Regarding the environmental conditions in animal barns, the indoor air temperature was reported to influence the concentration of airborne bacteria in dairy barns [28] and layer houses [29]. However, no relationships between this parameter and the bacterial loads that were measured on the surfaces of the poultry houses were observed in the present study. Since air temperature is conditioned to rapid fluctuations depending on ventilation and heating systems, the direct effect/correlation of this parameter on/with the microbial community of the barn floor is questionable, at least in the short term. Using the example of E. coli O157, desiccation rather than low temperatures (5 °C vs. 20 °C) was shown to affect the survival of bacteria on surfaces [30]. In our study, the air temperature measures were performed after each sampling time to foresee possible variations on the effectiveness of cleaning and disinfection preparations that were applied in the compartments by spraying or fogging. Based on the comparable counts between the C & D rounds over the study period and despite the differences that were measured at the different sampling times, the air temperature did not seem to influence the effects of the applied substances. This may be due to the fact, that the C & D procedures were not performed below temperatures of 10 °C which could affect the antimicrobial efficiency of substances, e.g., aldehydes [1].

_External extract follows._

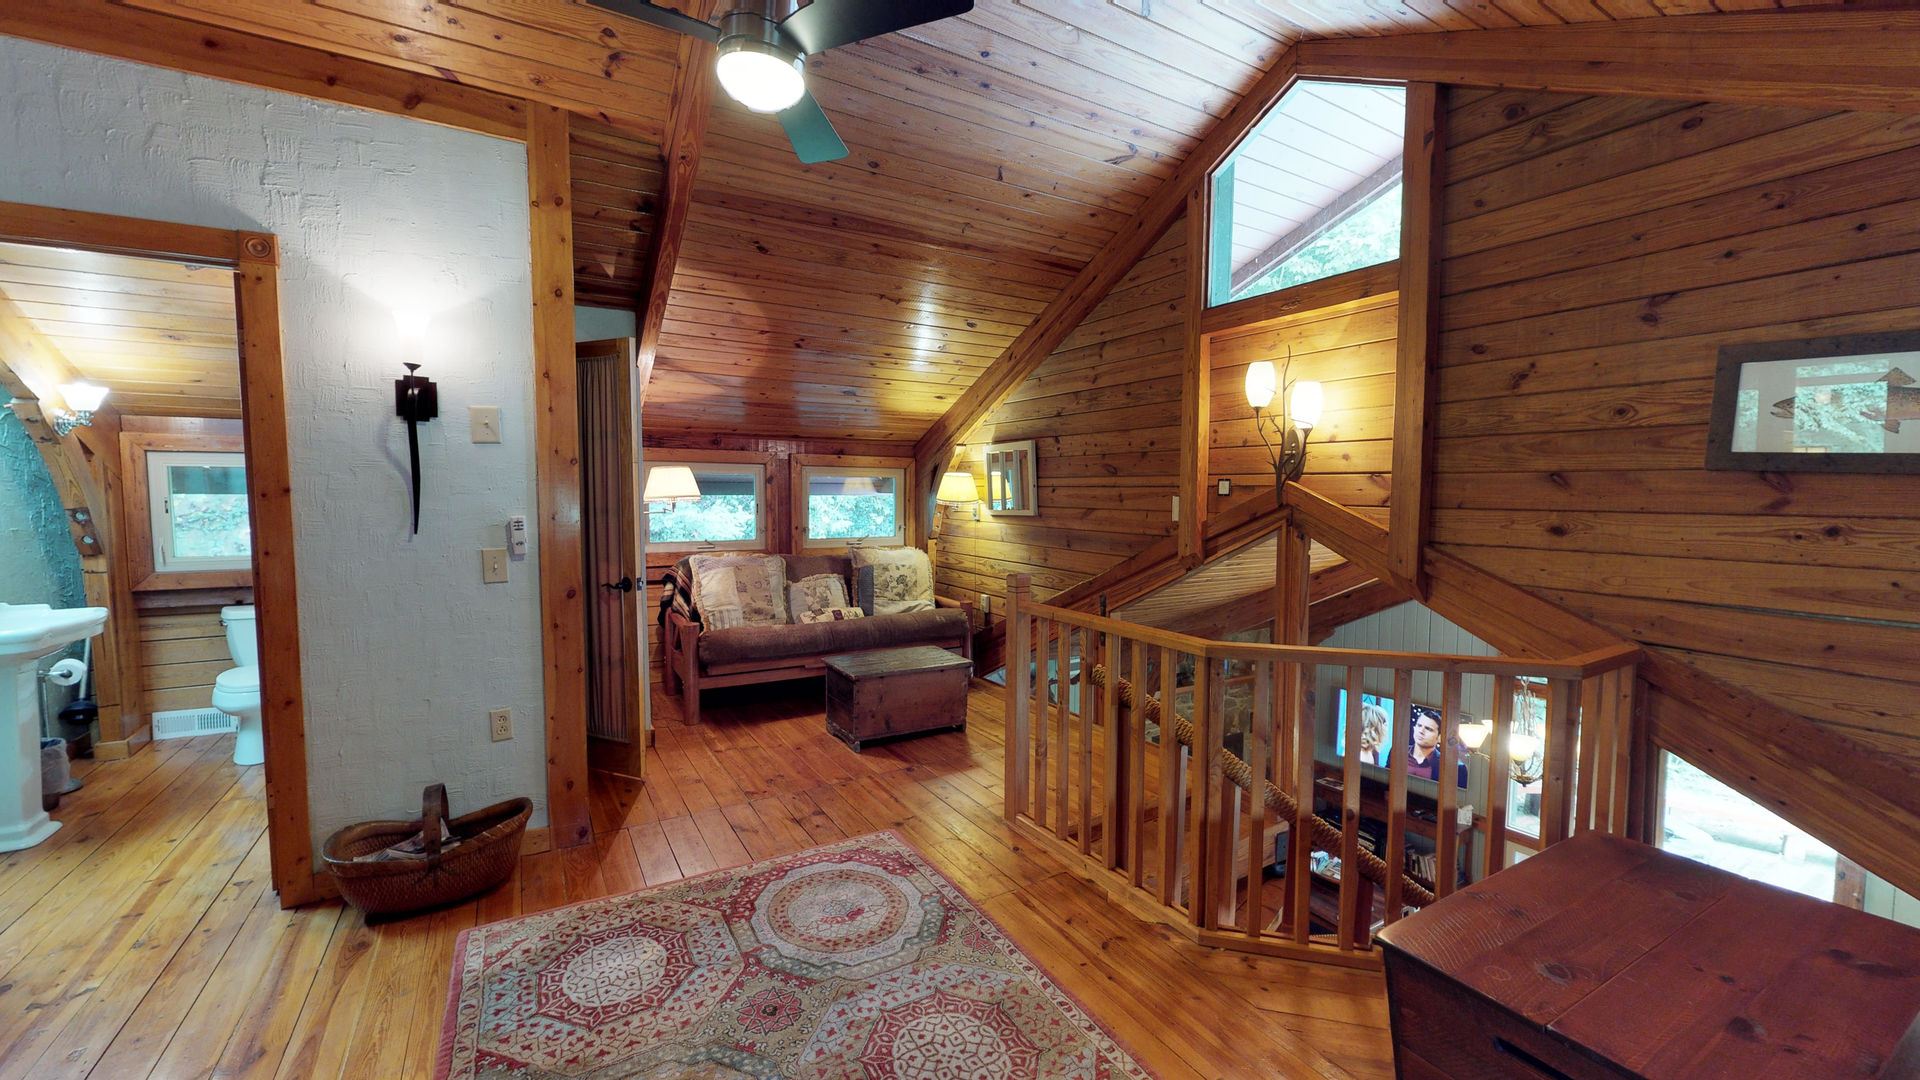 Upstairs area with futon
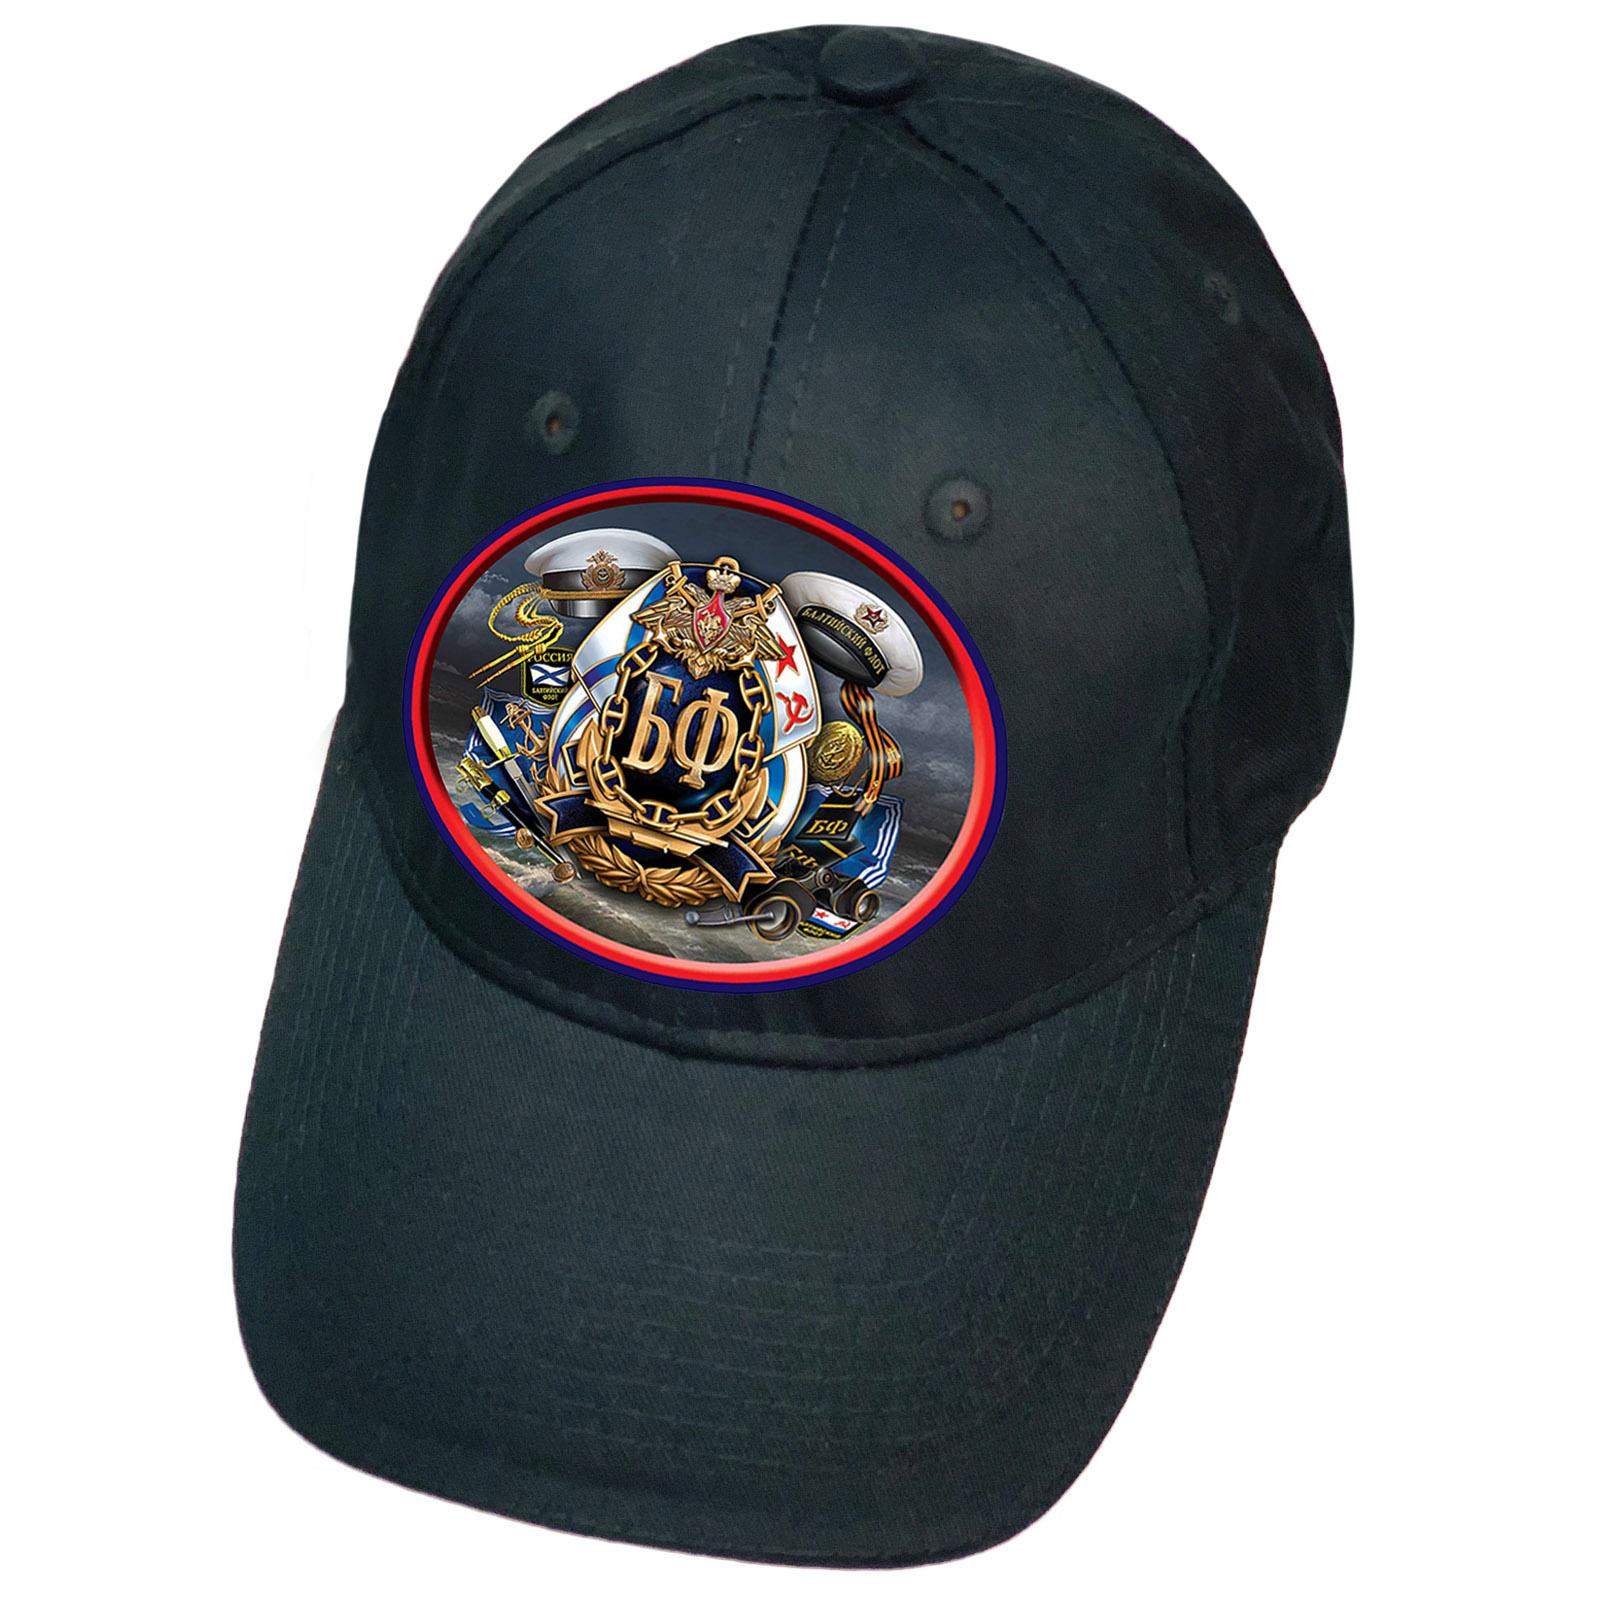 Тёмно-синяя кепка с термотрансфером БФ

Further microbiological evaluations included the isolation of presumptive colonies from the selective bile aesculin azide agar or McConkey agar for further characterization by MALDI-TOF MS. As shown in Table 5, some bacterial species were isolated and confirmed at AC or AD, although they were not present among the isolates that were selected at BC. It is probable that the bacterial community shifts due to cleaning and disinfection procedures [31] may have facilitated the later detection of these microorganisms that were already present on the barn floor surfaces. Furthermore, only 30% of the colonies showing aesculin hydrolysis were identified as bacteria of the genus Enterococcus. Although most of the isolates were identified as fecal bacteria. Based on these observations, it is advisable to regard the colony count at first as a presumptive indicator and, depending on the scope of the evaluations, further identifications may be required, such as farm-specific biosecurity measures that are focused on persistent Enterococcosis between consecutive flocks.

5. Conclusions

In conclusion, boot swab sampling presents a suitable expansion of methods that are available to assess the success of C & D protocols on unstructured barn surfaces, such as concrete floors, that are commonly used in poultry barns. As shown, the sampling protocol permitted the accurate analysis of microbial dynamics throughout the C & D. Theoretically, boot swab sampling may improve the efficiency of sampling of floors in terms of covered area and invested time while still providing the general advantages of the swab sampling techniques. Due to the simplicity of this sampling method, it may be carried out by veterinarians, specialist contractors, and/or even trained farm staff. By combining this technique with the possibility of enrichment and further bacterial identification with MALDI-TOF MS, it would be possible to increase both the sensitivity and specificity of the evaluations. Although ACP-sampling and boot swabs were performed under the same conditions, no correlations could be determined between the results. However, the recorded data are not enough to currently give a recommendation as to which of the two methods should be used to check the disinfection measures. Further studies should be performed to validate the use of this sampling technique by comparing C & D protocols. It would be useful to concentrate the studies in a few barns, C & D protocols, and/or specialist contractors to avoid the effects of variations on evaluation outcomes. Depending on the scope of the studies, it may be important to include, for instance, other swab sampling techniques and further culture and non-culture methods.